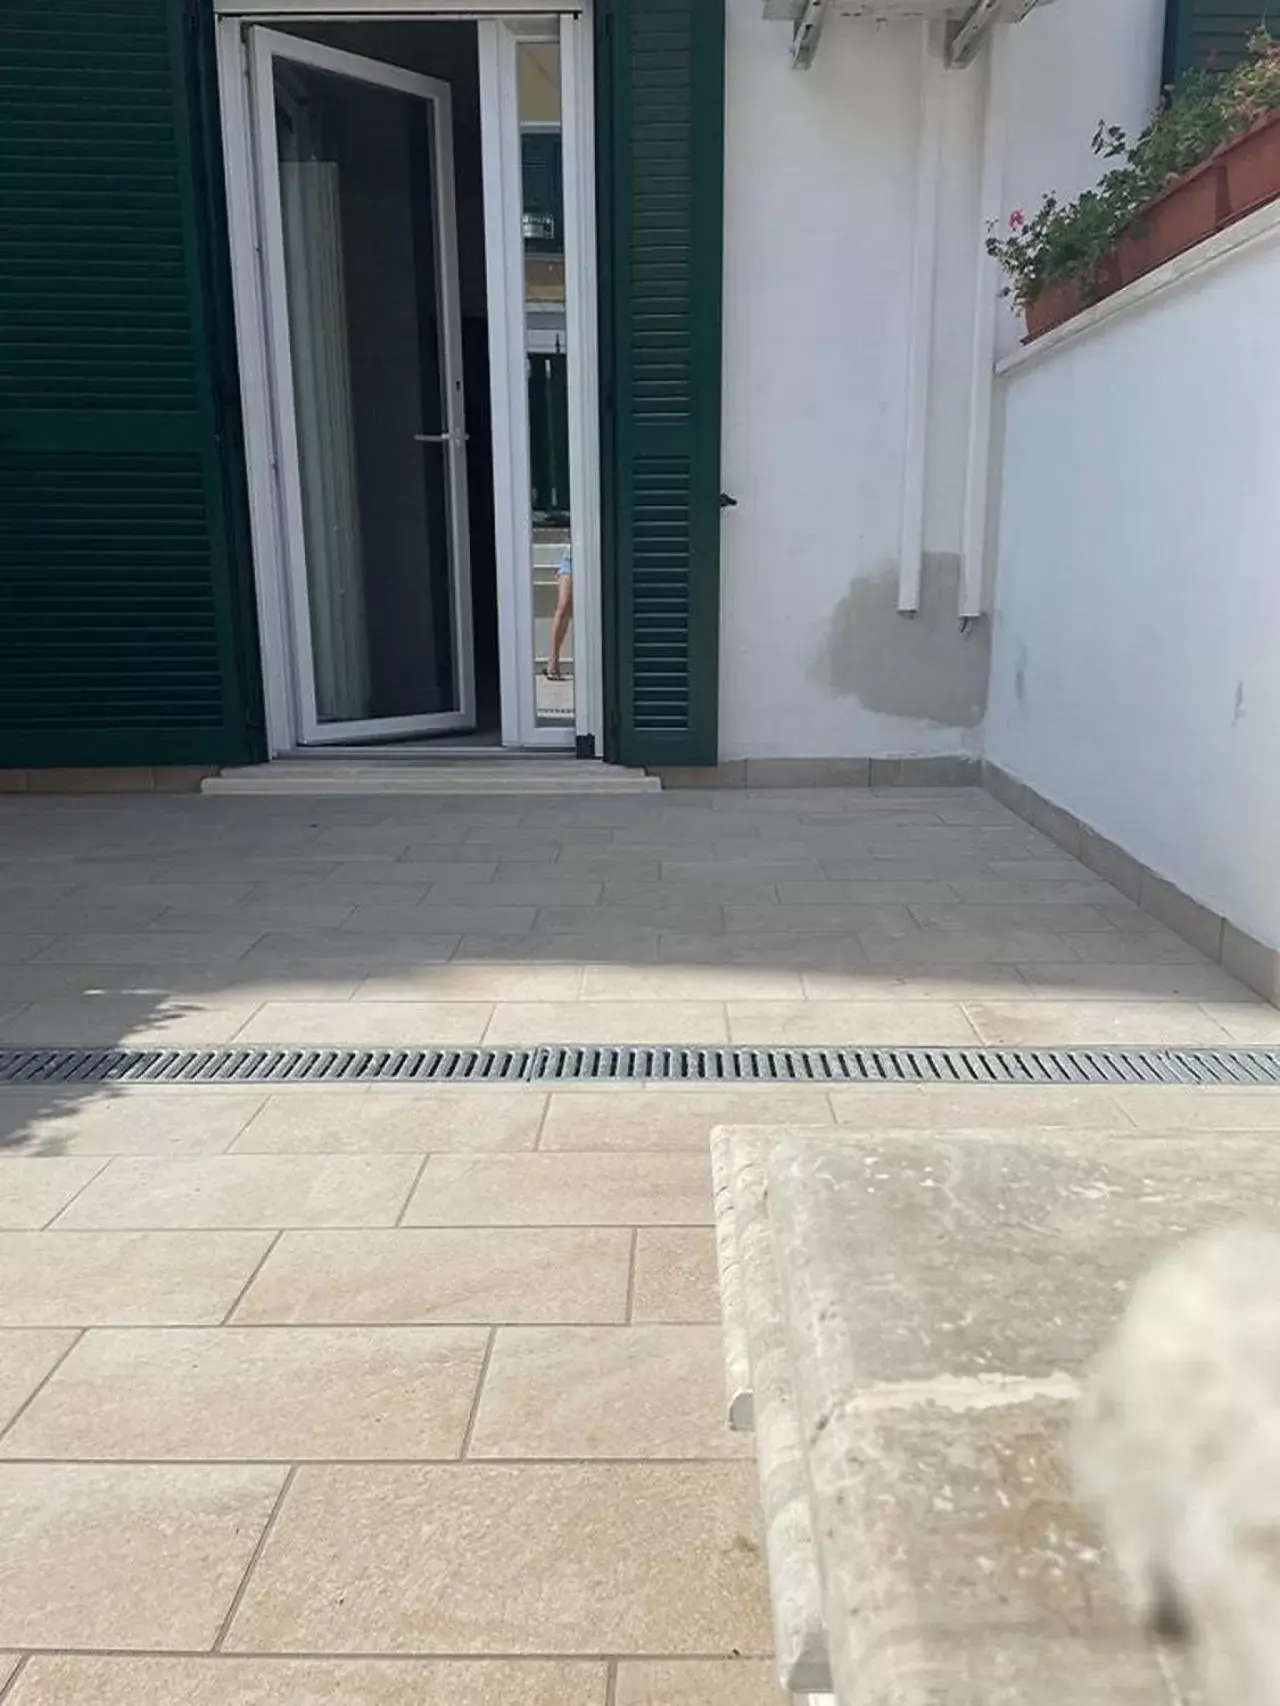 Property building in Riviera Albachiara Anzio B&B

◇ ◇ ◇ ◇

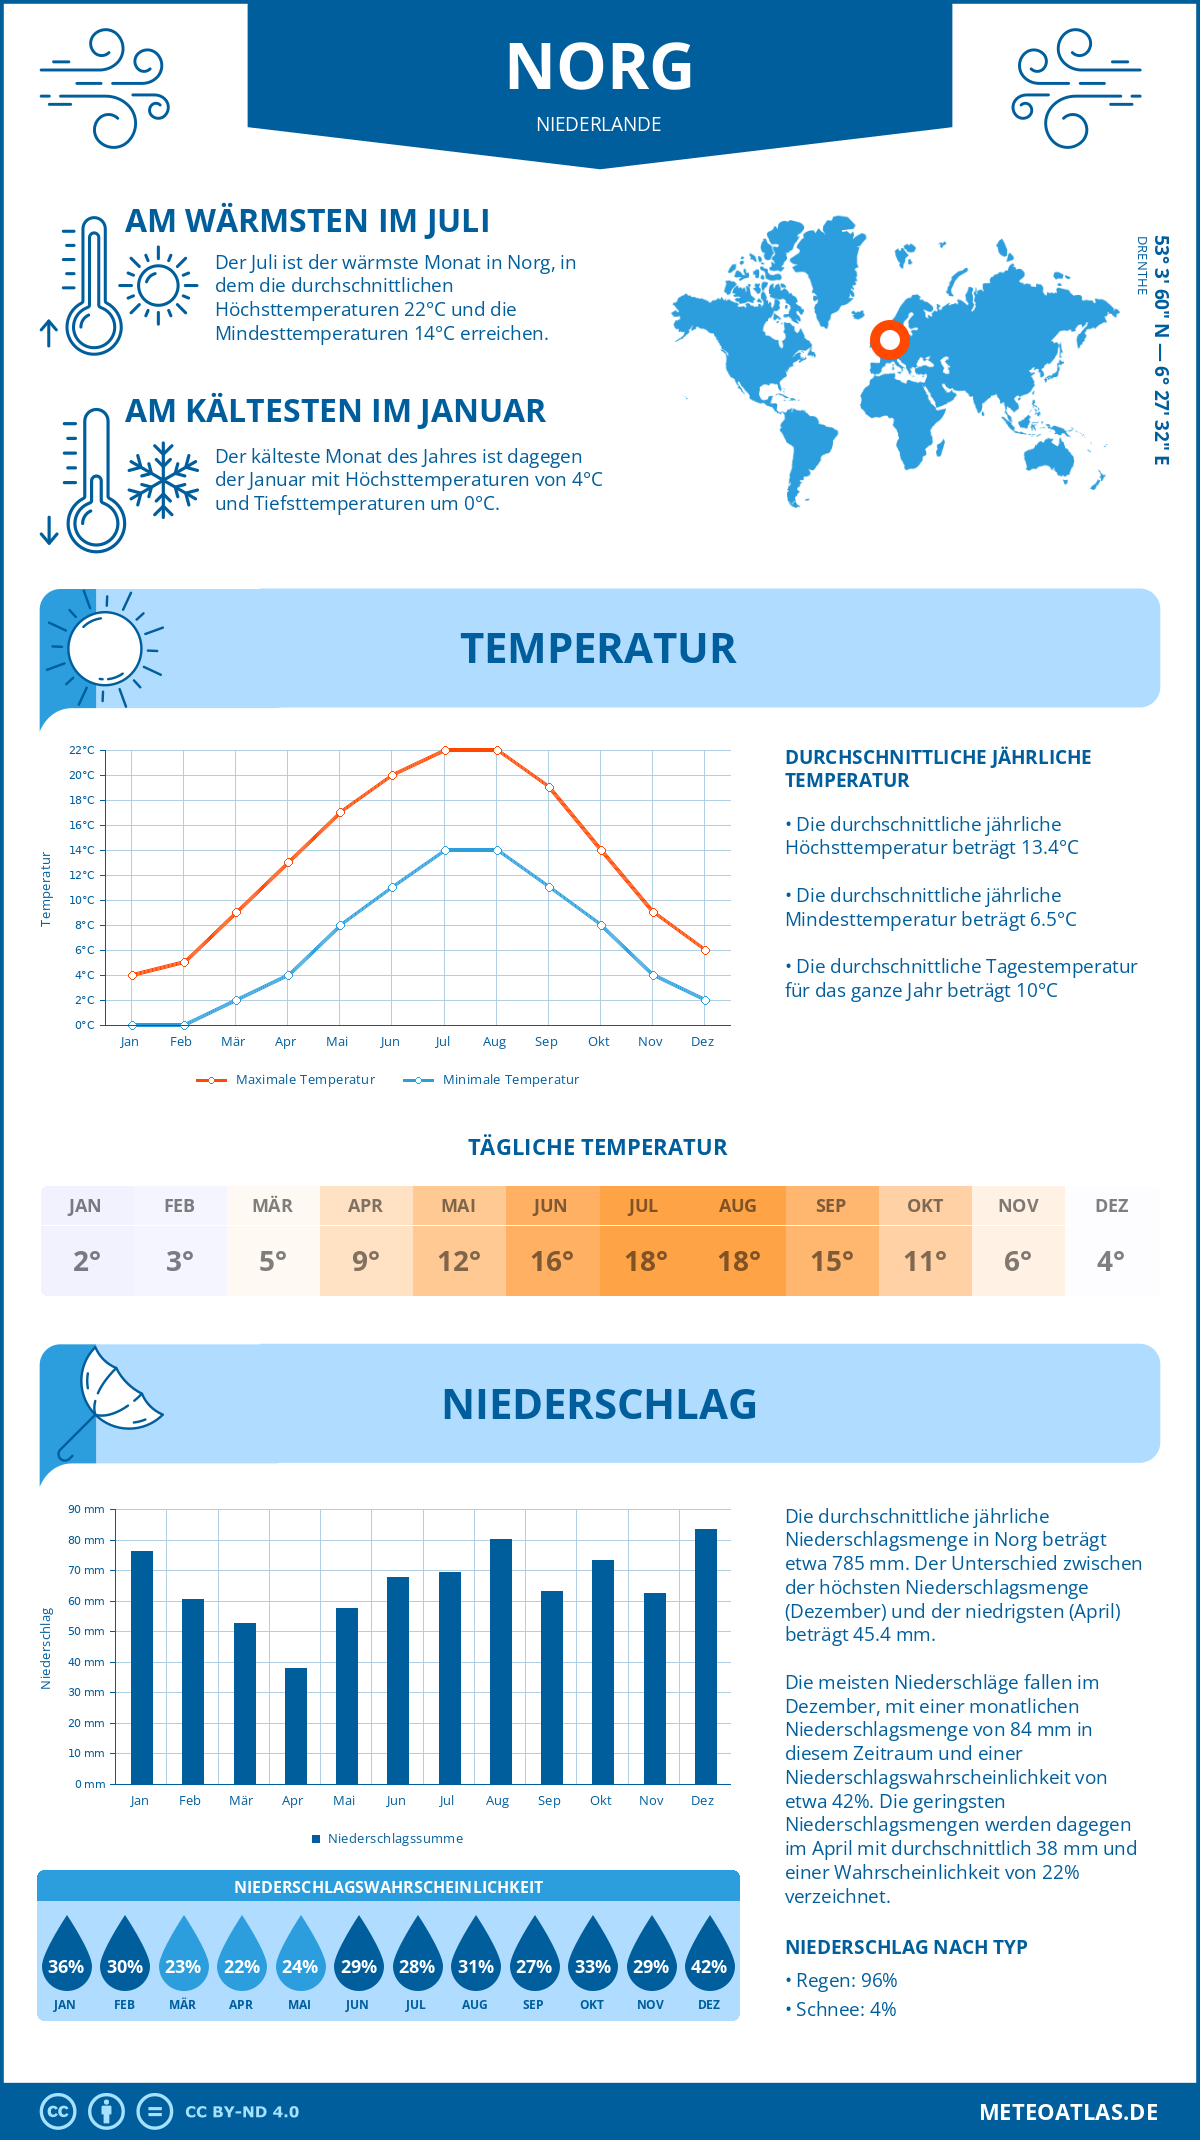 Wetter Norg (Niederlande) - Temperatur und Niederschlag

◇ ◇ ◇ ◇

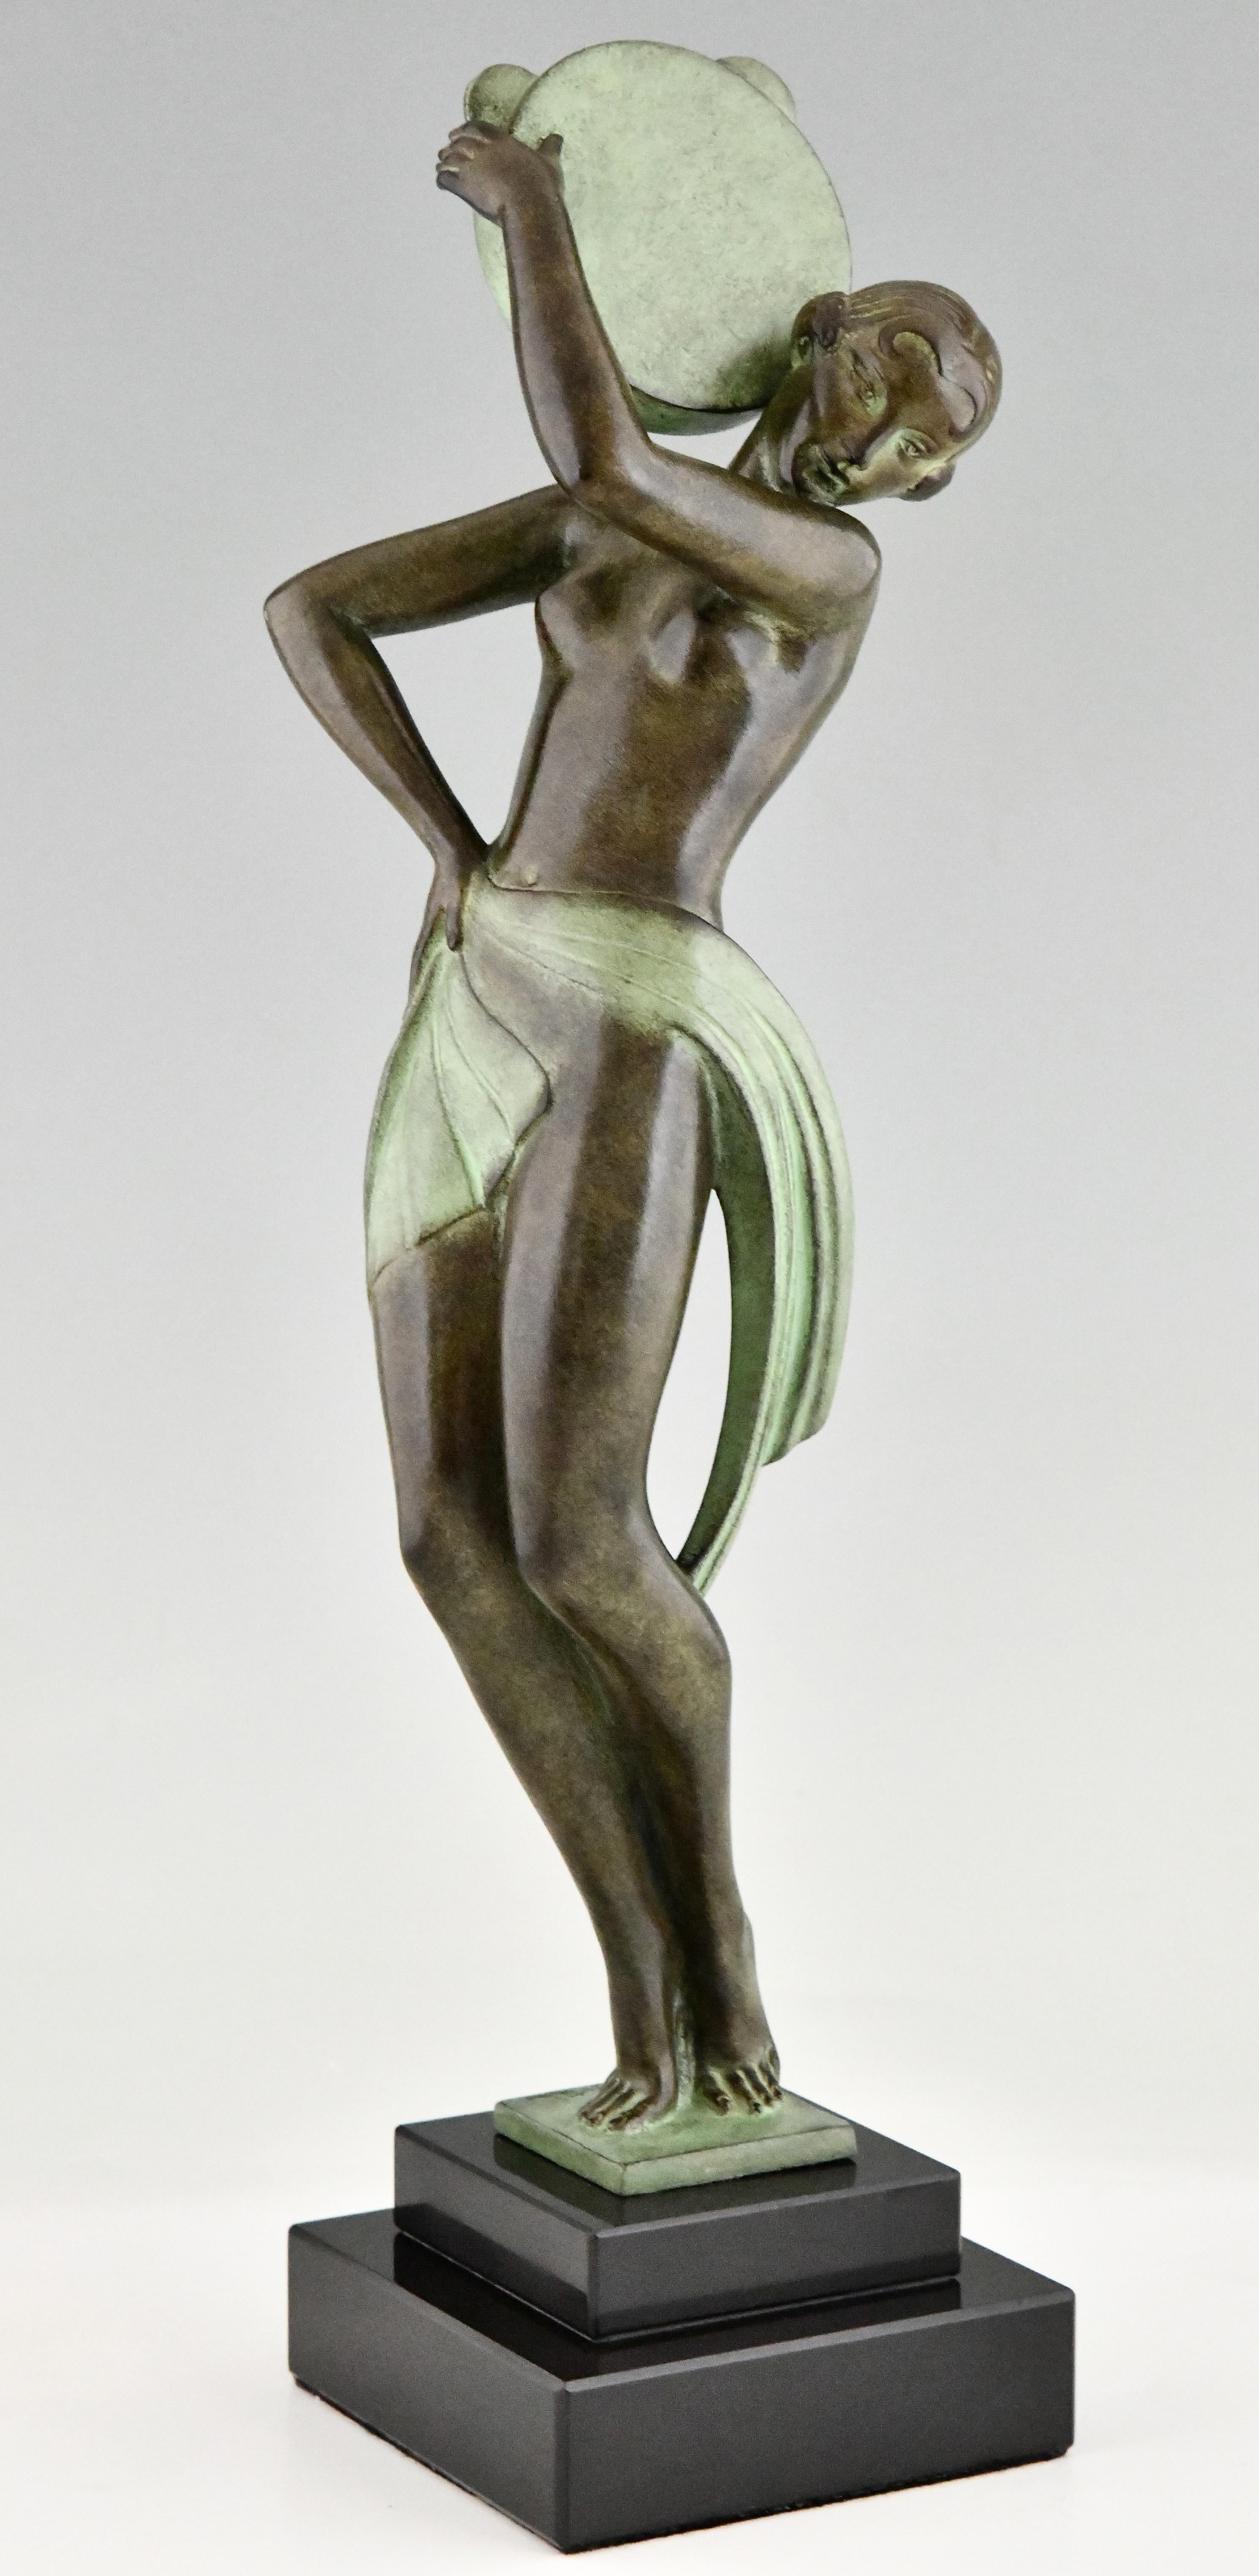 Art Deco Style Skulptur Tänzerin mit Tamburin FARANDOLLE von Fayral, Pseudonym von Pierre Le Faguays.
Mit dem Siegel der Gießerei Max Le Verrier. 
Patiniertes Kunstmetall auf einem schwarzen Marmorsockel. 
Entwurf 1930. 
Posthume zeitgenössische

◇ ◇ ◇ ◇

EXERCISE DETAILS:
From the records above, copy only the lines starting with the line that holds "Patiniertes Kunstmetall auf" and going on through the line that holds "Posthume zeitgenössische", exactly as written.

SOLVED PROBLEM:
Patiniertes Kunstmetall auf einem schwarzen Marmorsockel. 
Entwurf 1930. 
Posthume zeitgenössische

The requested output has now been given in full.